- [Exercise description]: Each line of the data below goes into the copy exactly; pictures do not.

- [Source material]:
╭──
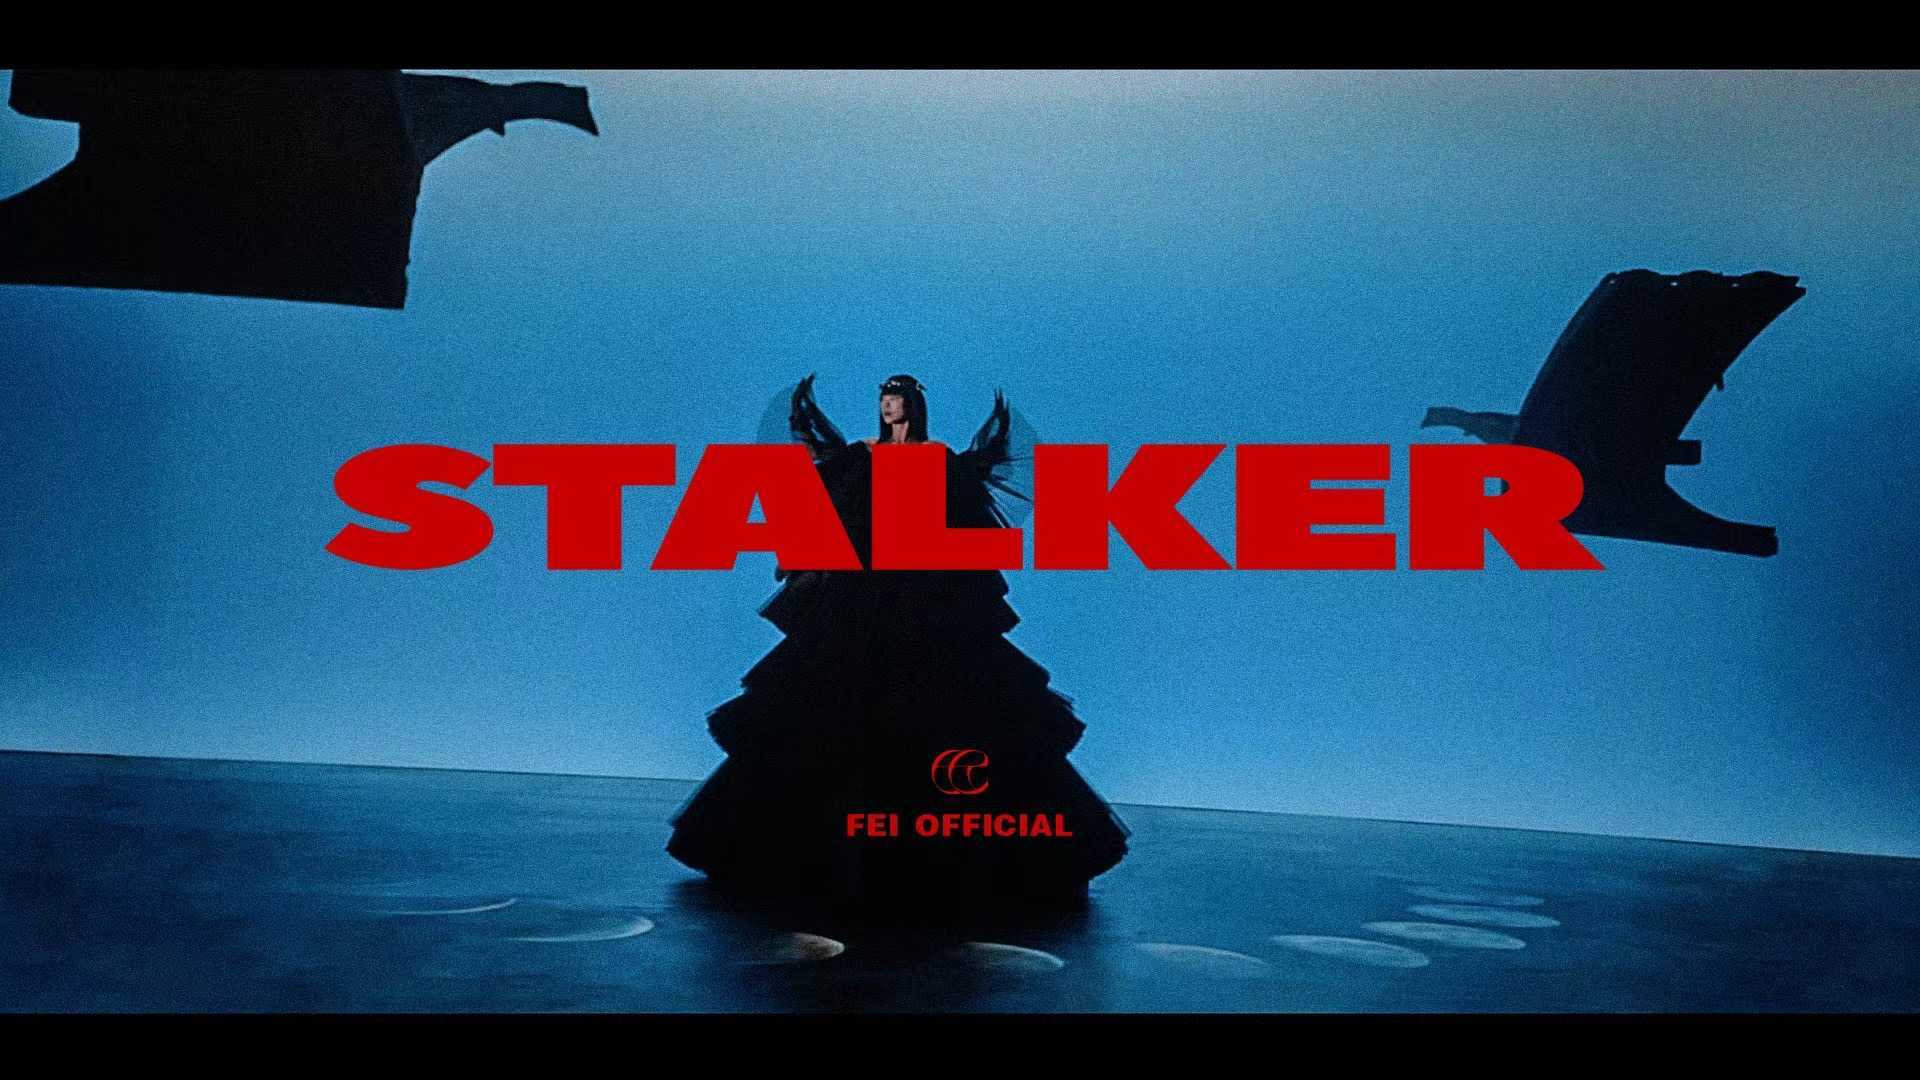 STALKER-FEIFEI WANG MV
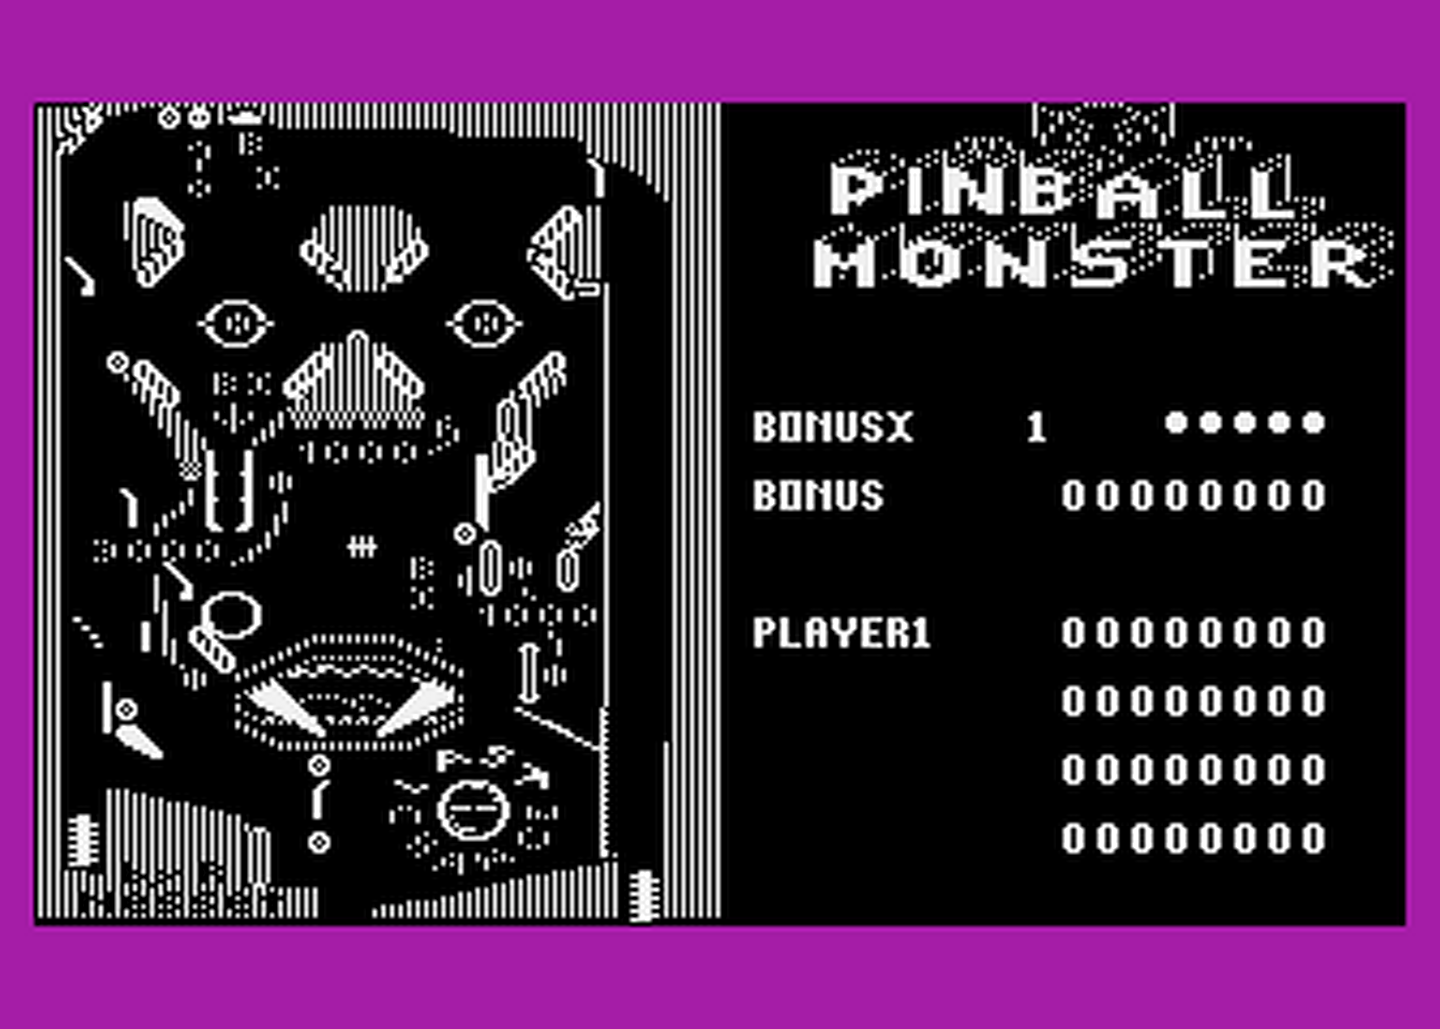 Atari GameBase PCS_-_Pinball_Monster (No_Publisher)
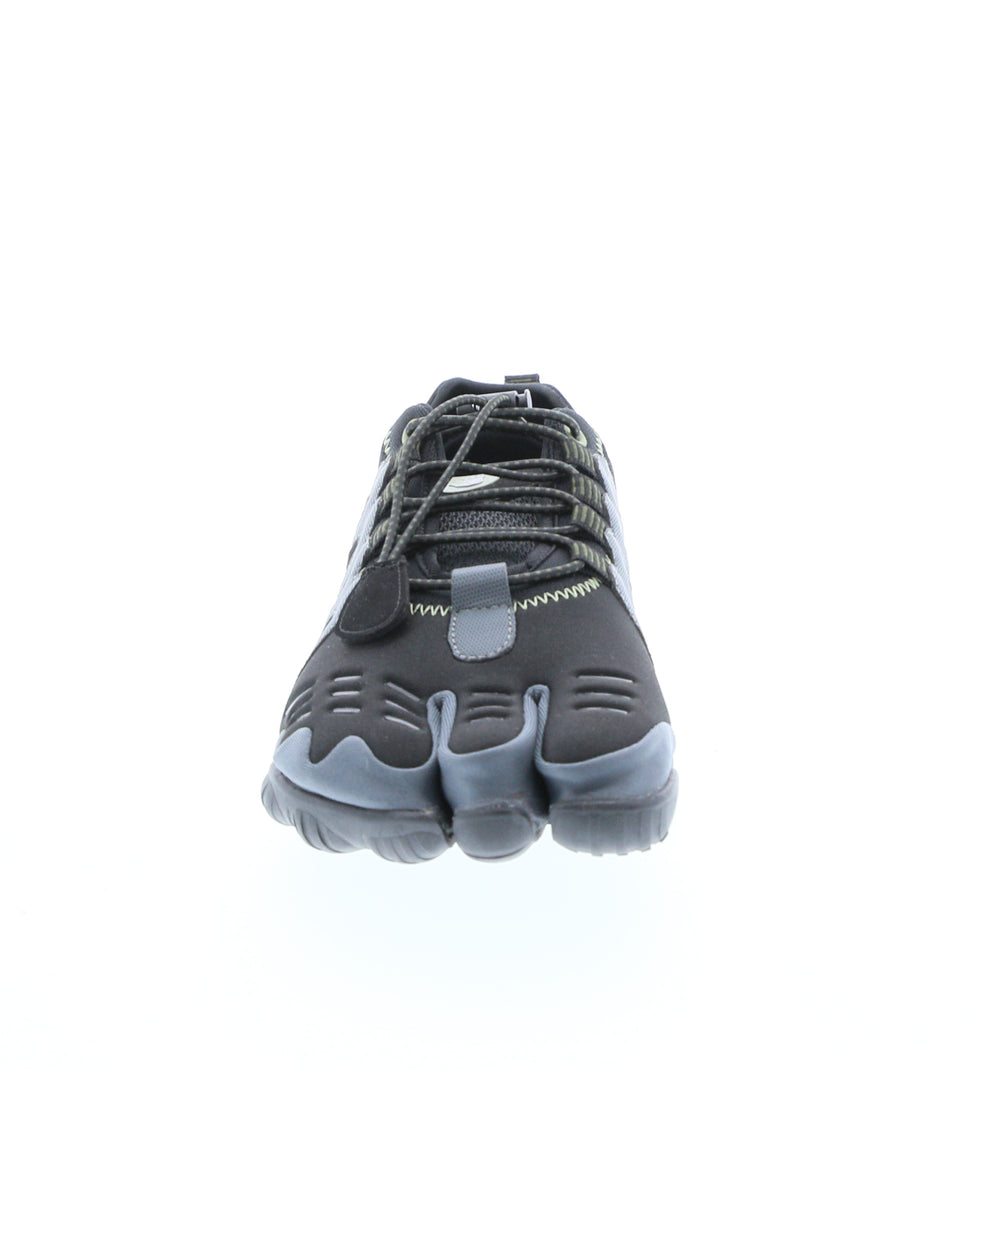 Men's 3T Barefoot Warrior Water Shoes - Black/Aloe
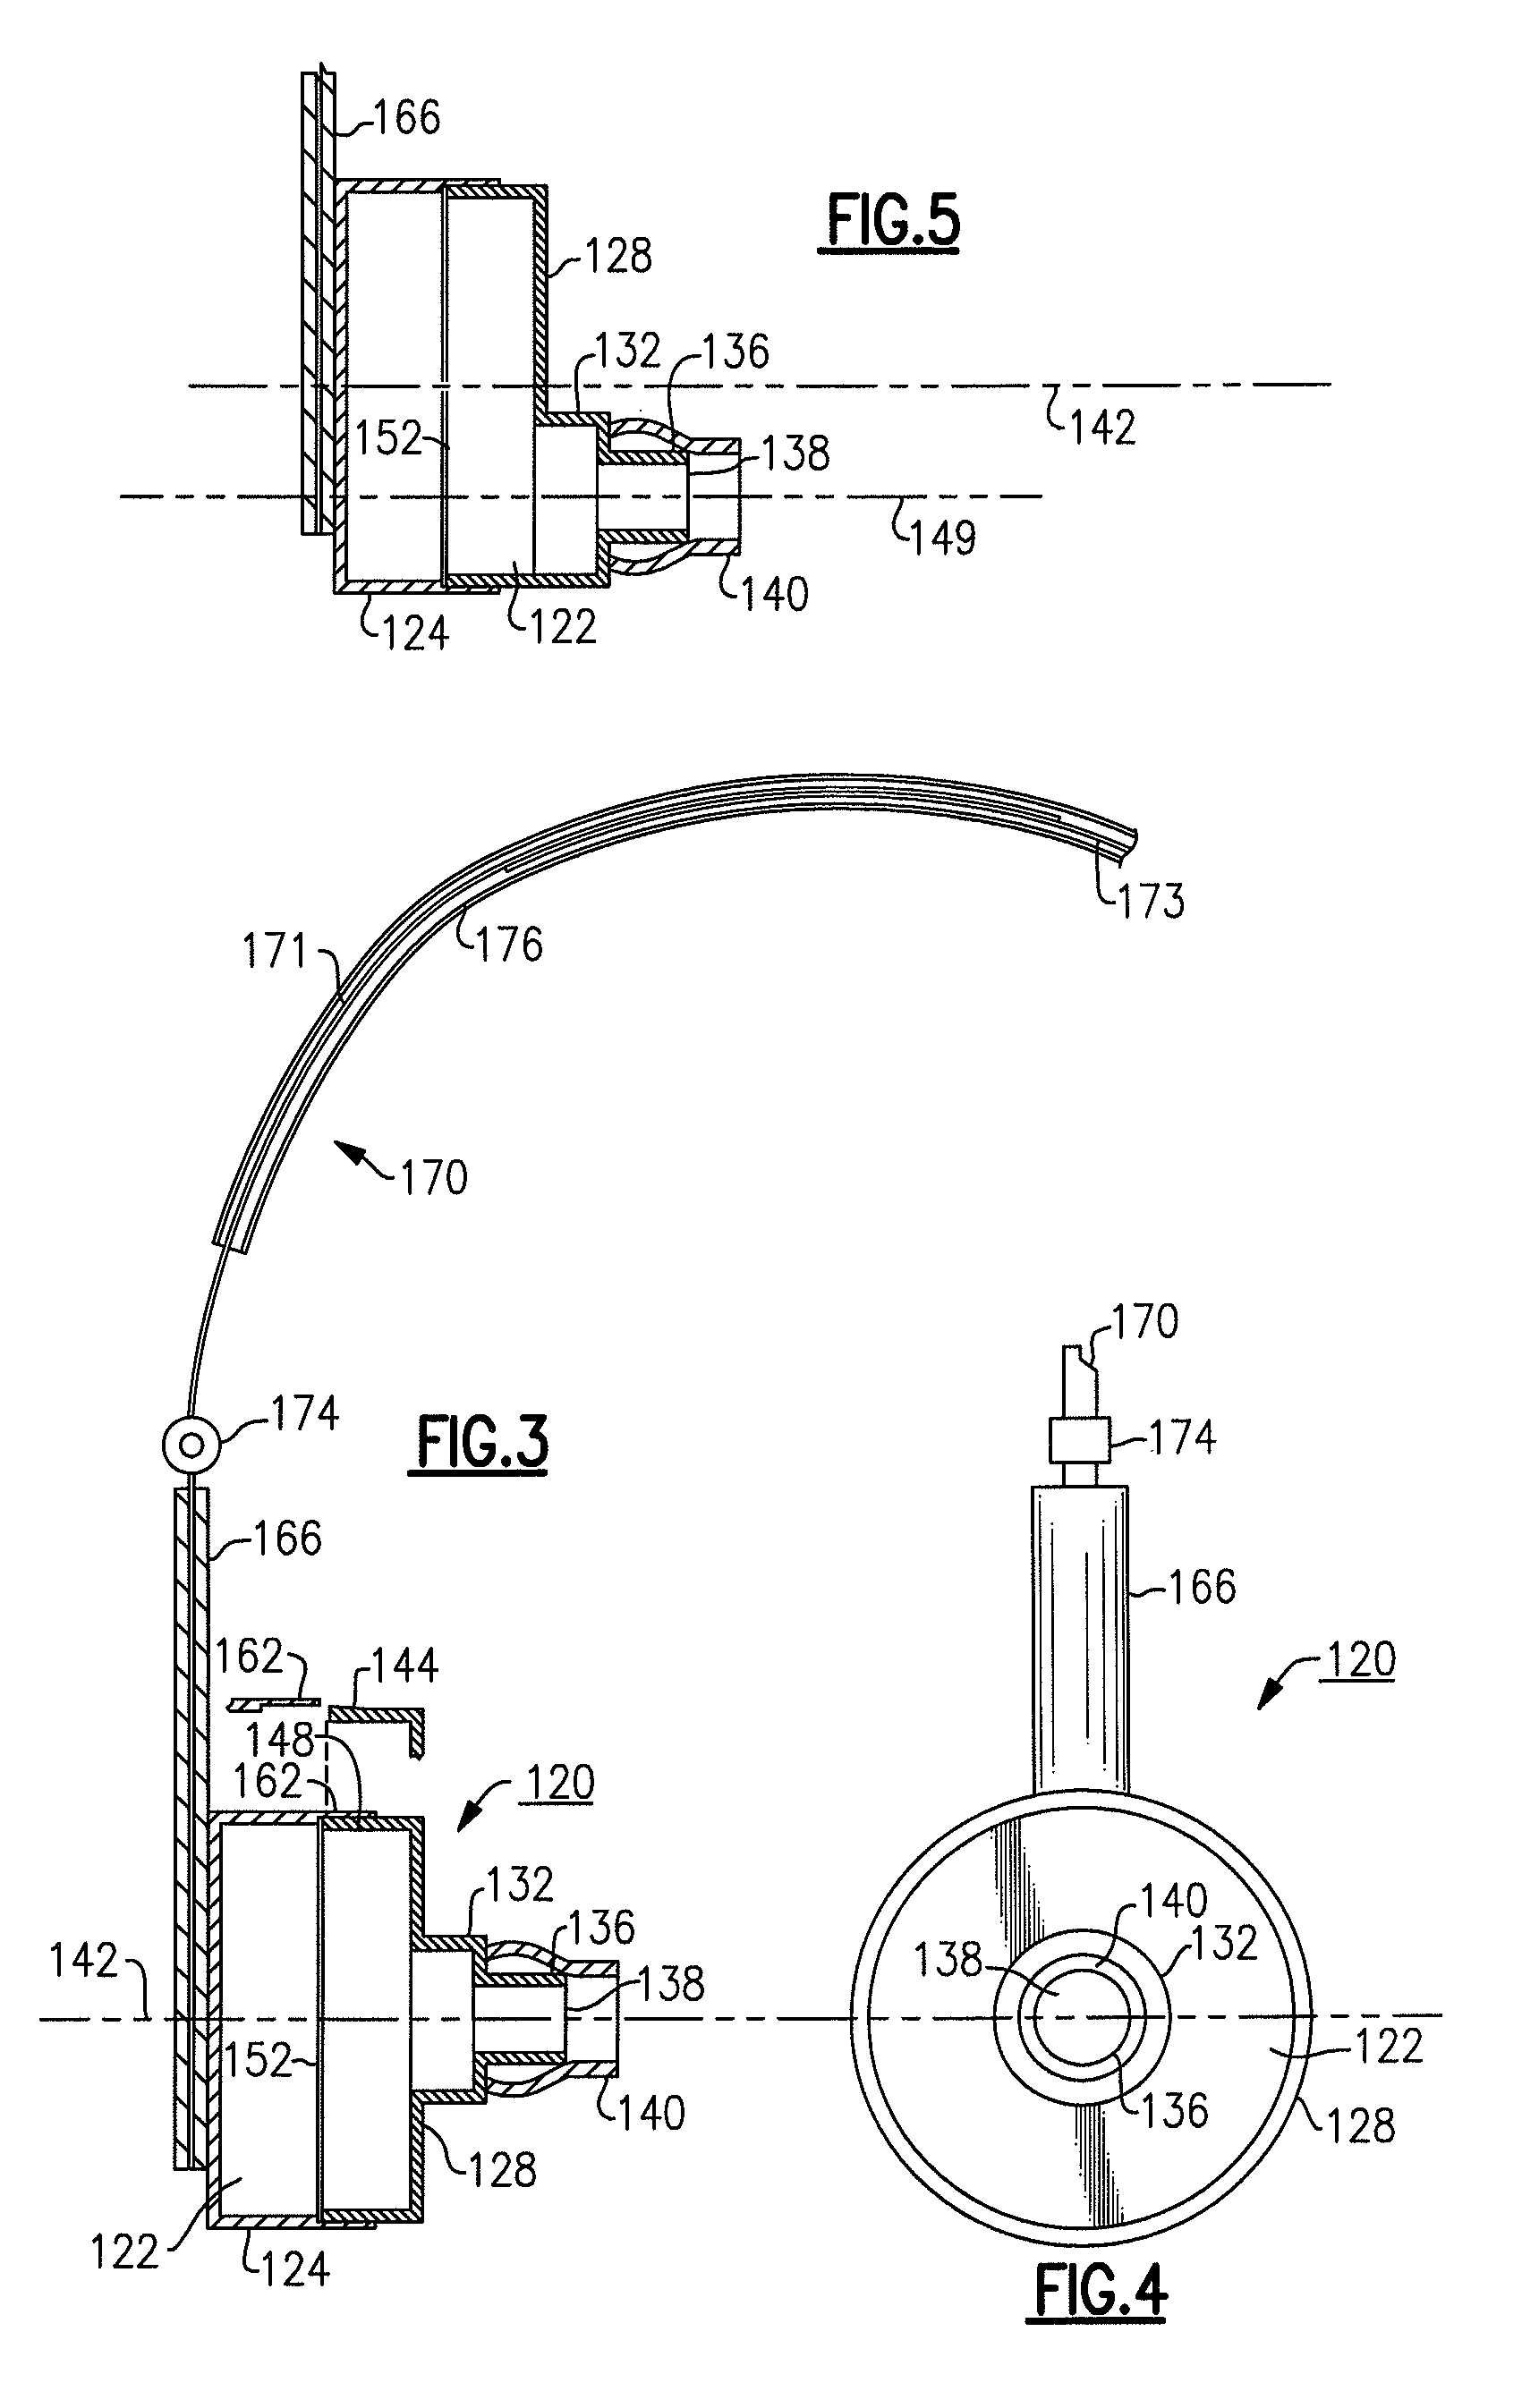 Semi-insert hearing protector having a helmholtz-type resonator
╰──
- [Response to this exercise]:
 STALKER-FEIFEI WANG MV
 Atari GameBase PCS_-_Pinball_Monster (No_Publisher)
 Men's 3T Barefoot Warrior Water Shoes - Black/Aloe
 Semi-insert hearing protector having a helmholtz-type resonator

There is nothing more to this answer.